NEW YORK — It’s nothing new that the Phillies are thetalk of baseball. Get to the World Series two years in a row and win the NL East three straight years and there’s a tendency for others to do a little gabbing. That’s just the way it goes.
Still, the Phillies could not have imagined that some of the guys on other clubs as well as the national media types would be talking about them the way they have over the past couple of weeks.
As Charlie Manuel says, “Not good…”
It’s bad enough that the team has been shut out twice in a row by the Mets and three times in the last four games, but it’s not worrisome. Teams go through those offensive funks every season and the Phillies are no different. Sure, the hitters “stink right now,” as Ruben Amaro Jr. put it on Wednesday, but stink happens. The 15 runs in the last eight games swoon will be corrected because all that stuff evens out.
But what should folks be worried about with these Phillies? Well, there’s a bunch of things. It’s never good when the manager complains of listlessness and malaise from the team during the slump. The fact that Manuel closed the clubhouse doors for a little chat after the latest loss to the Mets is a pretty good kick in the pants—probably a better reality check than the 13-0 on the scoreboard the past two games.
Eventually, however, the Phillies will hit. There’s no fear in that. Sure, it might start with one of those home run feasts the team is known for where the majority of the scoring comes from a few bombs, but whatever. It’s worked so far. Instead, the fact that other teams and making fun of the Phillies is a big warning sign of where the team is…
They are a big-market club just like the Yankees and Red Sox.
Look no further than the message on a t-shirt seen in the Rockies clubhouse this week with a not-so veiled shot at the Phillies:
“We have: 84 home games, Tasers, Roy Halladay, Your signs.”
[Note: word is the guys behind the shirt are from the popular site, Zoo With Roy. They sent one to Rockies' manager Jim Tracy and outfielder Ryan Spilborghs had one in his locker. See, you never can have enough quality t-shirts.]
Put it this way—they aren’t making up shirts disparaging the Royals or the Pirates. Nope, that only works for the Yankees and Red Sox, which should serve notice to the Phillies that they are one of those teams. Sure, they knew as much already considering it’s tough to go to the World Series two years in a row without going unnoticed. But maybe the Phillies were unaware that other players, teams and fans saw them as arrogant.
C’mon, admit it… if Shane Victorino was on another team you’d look at him the way you saw Matthew Barnaby or Danny Ainge.
Remember when Phillies fans took delight in being the spoiler?
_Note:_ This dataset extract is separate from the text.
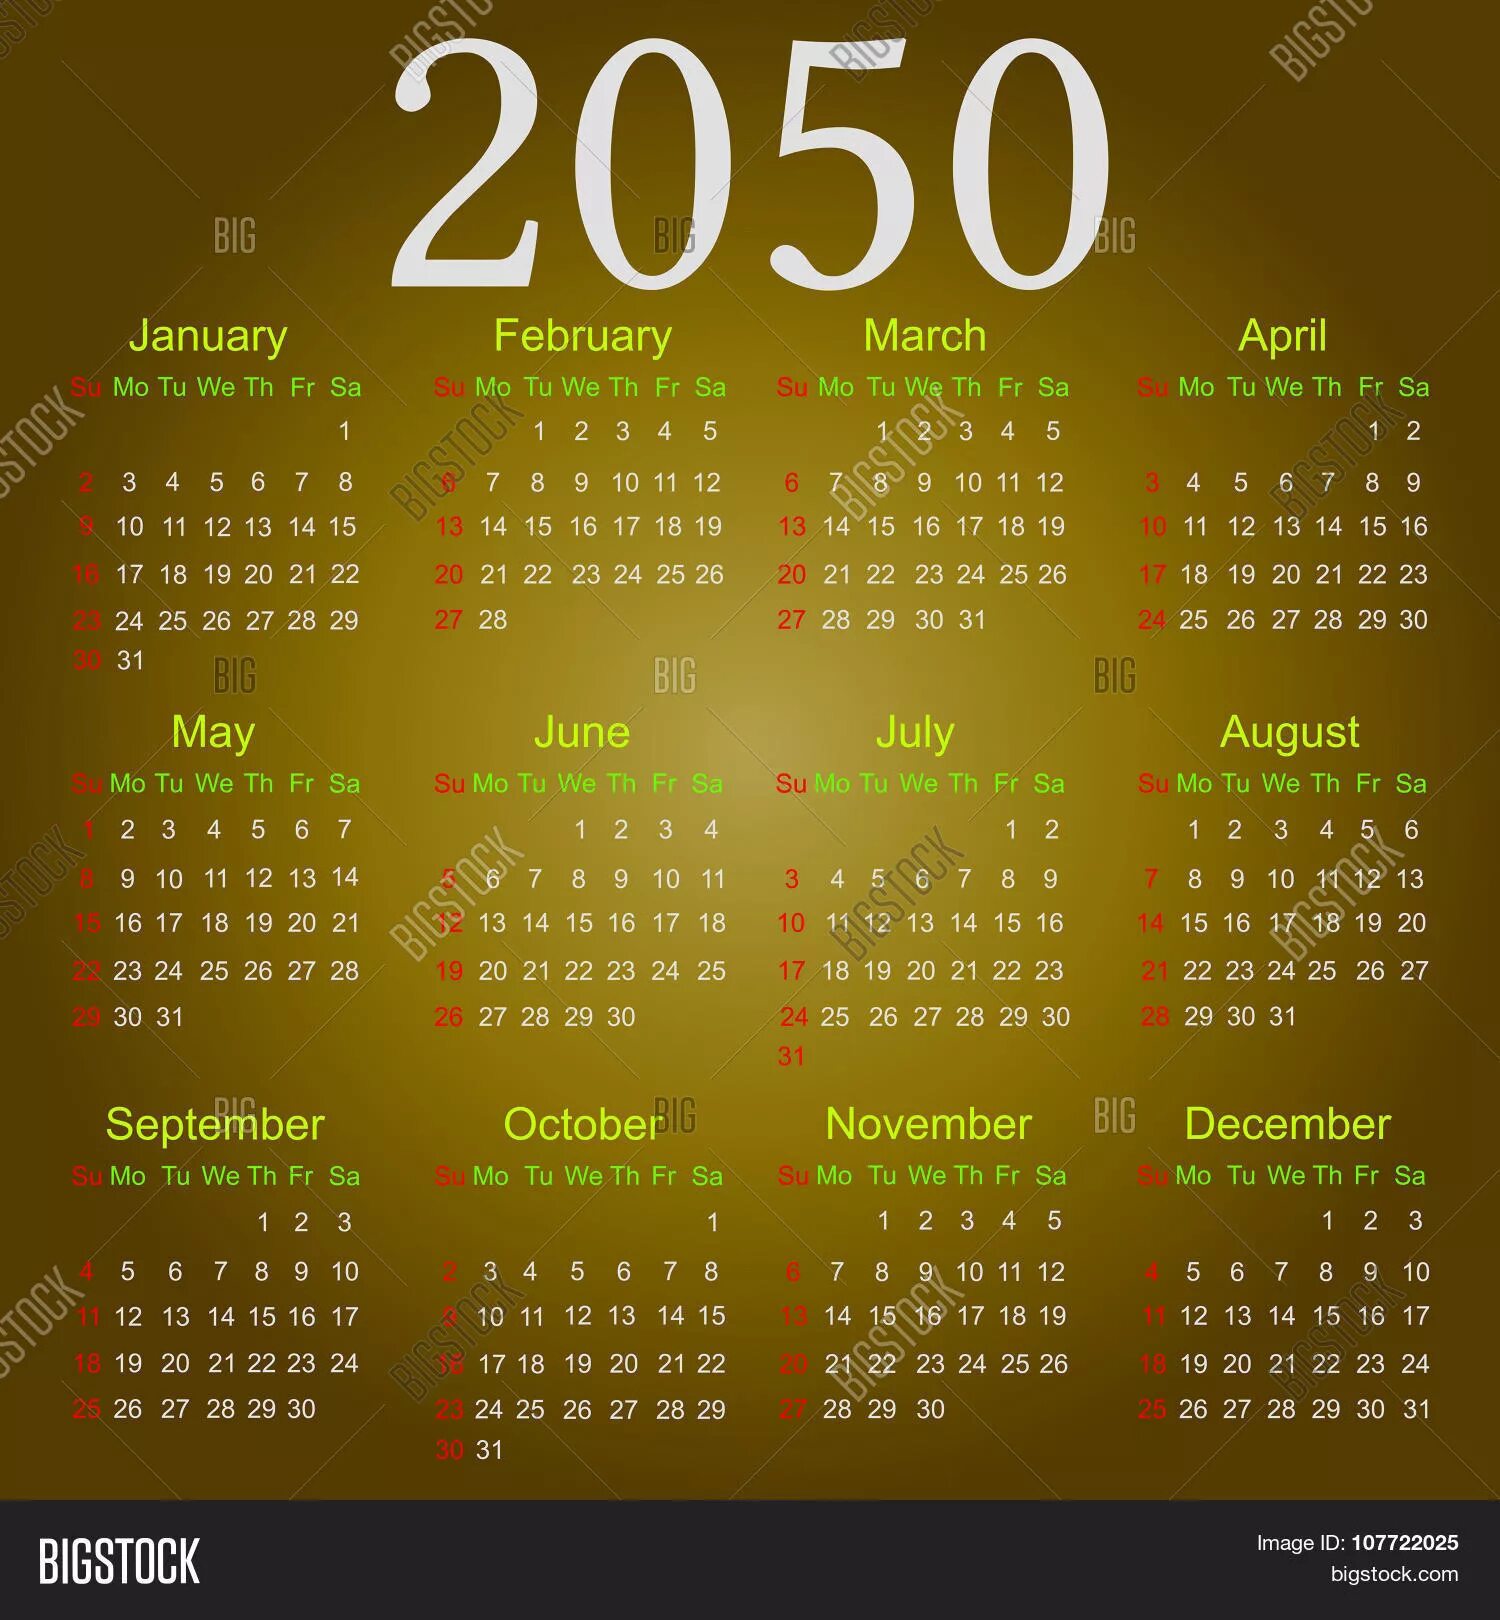 30 июля 2050 какой день недели

Those were trite and sad times that did nothing more than to illustrate how mediocre the team was. Like there was that series at the Vet in 1986 where the Mets came in with a chance to clinch the NL East only to go away with the champagne still on ice. Or there was that Labor Day game where Curt Schilling beat the Yankees with 15 strikeouts. Ultimately they were defiant, fist-in-the-air moments that added up to nothing.
Taking pleasure in slowing the trip of people going somewhere doesn’t change the fact that you are still a loser.
That’s not the Phillies anymore. They are the team going somewhere while a bunch clubs like the Mets are trying to ruin the fun. They’re making up t-shirts and everything.
So what’s the plan? How can the Phillies turn 84 home games, tasers, Roy Halladay and the opposition’s signs into quiet respect and humble goodness instead intense dislike and unrepentant arrogance?
Tough one, huh?
How about this: when another manager tells the media that your team is a bunch of jerks, don’t rub his nose in it and tell him to, “quit crying.” If someone wants to be a jerk there’s no sense matching that behavior. Nobody wants to watch a jerk competition[1].
Another good idea is to not trade former American League Cy Young Award winners. That’s just the height of arrogance, isn’t it? Imagine believing your team is so good that it can send away a pitcher who produced the greatest postseason in team history since Grover Cleveland Alexander for a bunch of prospects. How are the teams that don’t have any Cy Young Award winners going to view that?
And how are they going to react when they get two shutouts in a row against you?
If the Phillies had legit trade bait aside from Domonic Brown, I’d suggest trading to get Cliff Lee or Roy Oswalt and wait for the bats to come alive. I’d also try to remember that what comes around goes around. Nothing lasts forever, folks. Someday the Phillies will be back trying to knock off good teams going somewhere.
Anyway, we’re here at CitiField waiting to see what Charlie has to say a day after his meeting. Be back soon…
[1] There are more pithy ways to describe this contest that are more suitable to the popular nomenclature, but we’ll just leave that for Meech or Deitch.